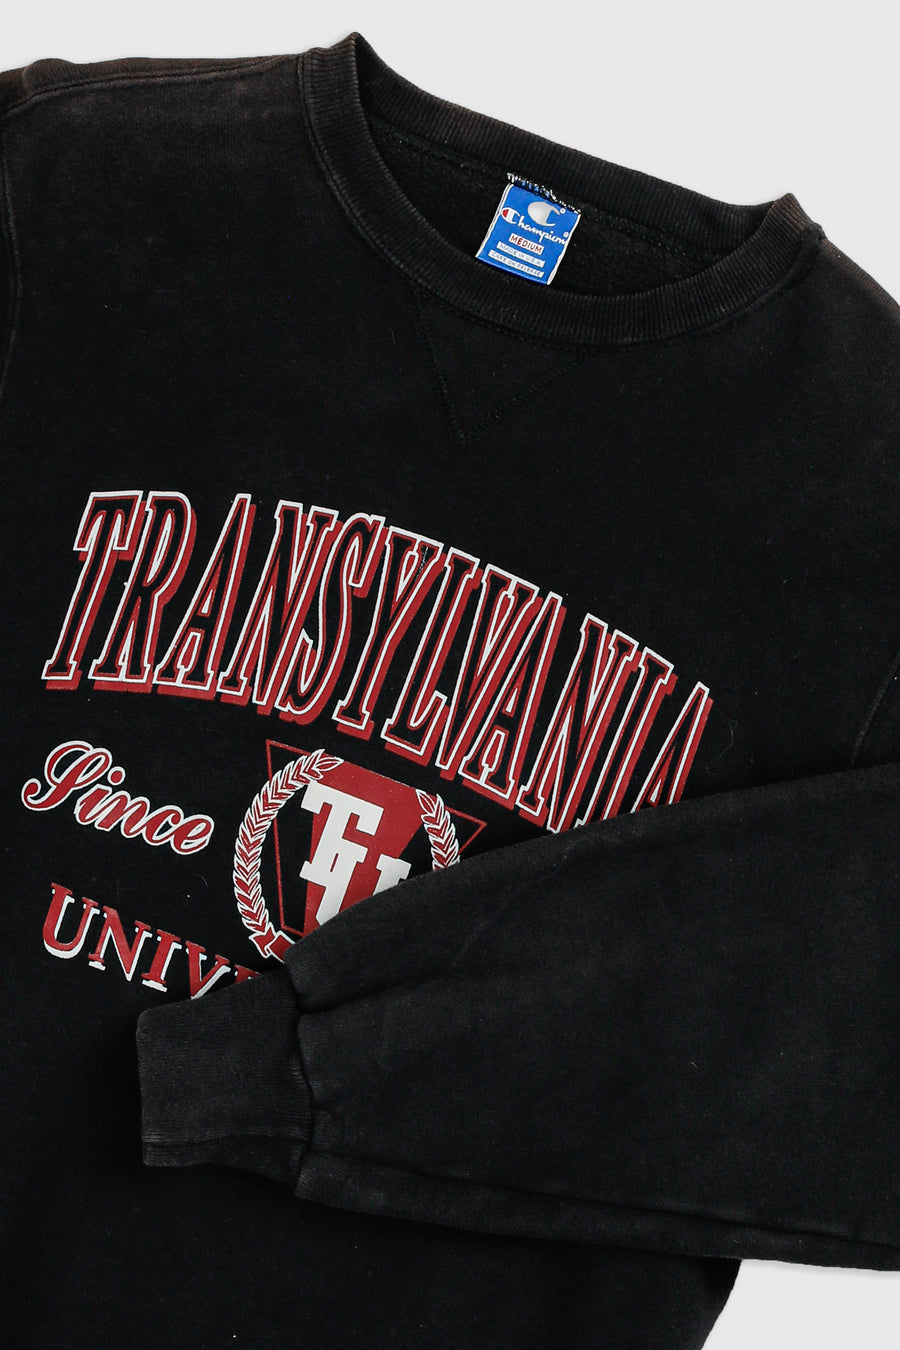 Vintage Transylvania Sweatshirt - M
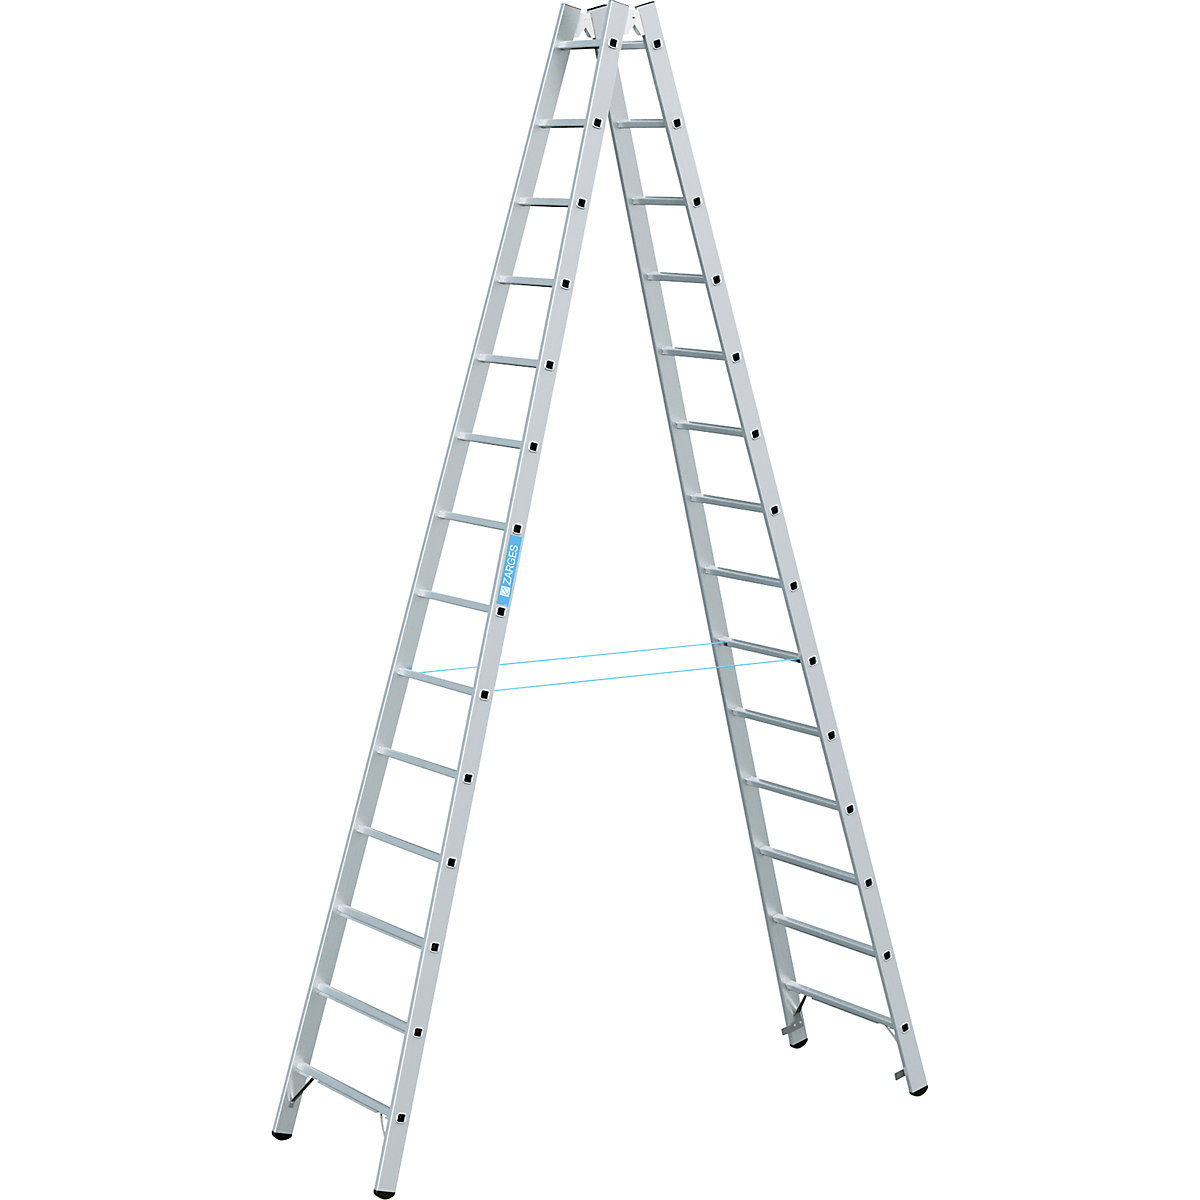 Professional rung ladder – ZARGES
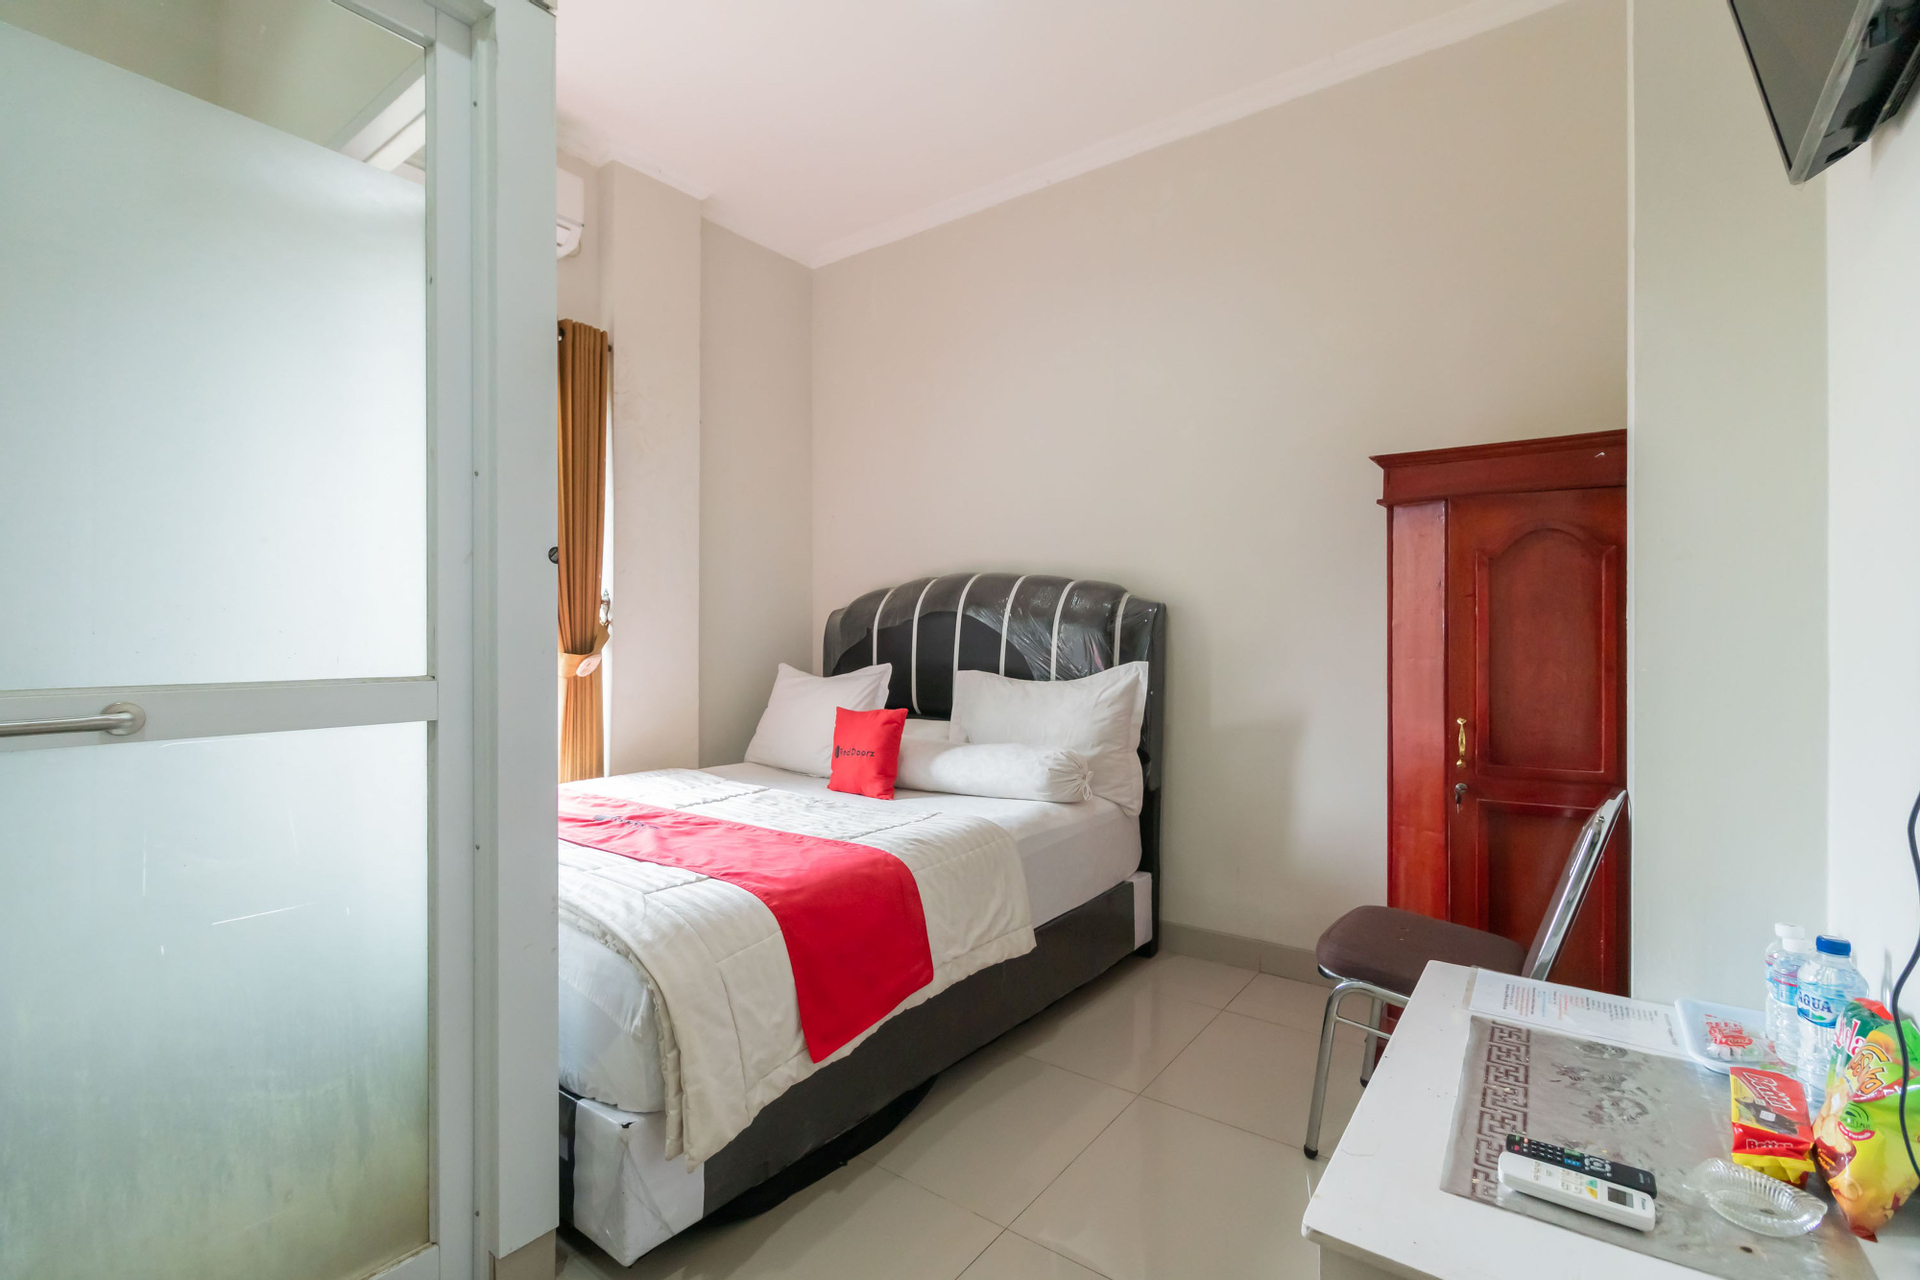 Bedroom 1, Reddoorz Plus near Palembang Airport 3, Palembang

[Action item]: The range to set down runs from the line containing "Professional rung ladder – ZARGES" through the final line of the data, both ends included; give it exactly and drop the pictures.

[Expected answer]:
 Professional rung ladder – ZARGES
 Bedroom 1, Reddoorz Plus near Palembang Airport 3, Palembang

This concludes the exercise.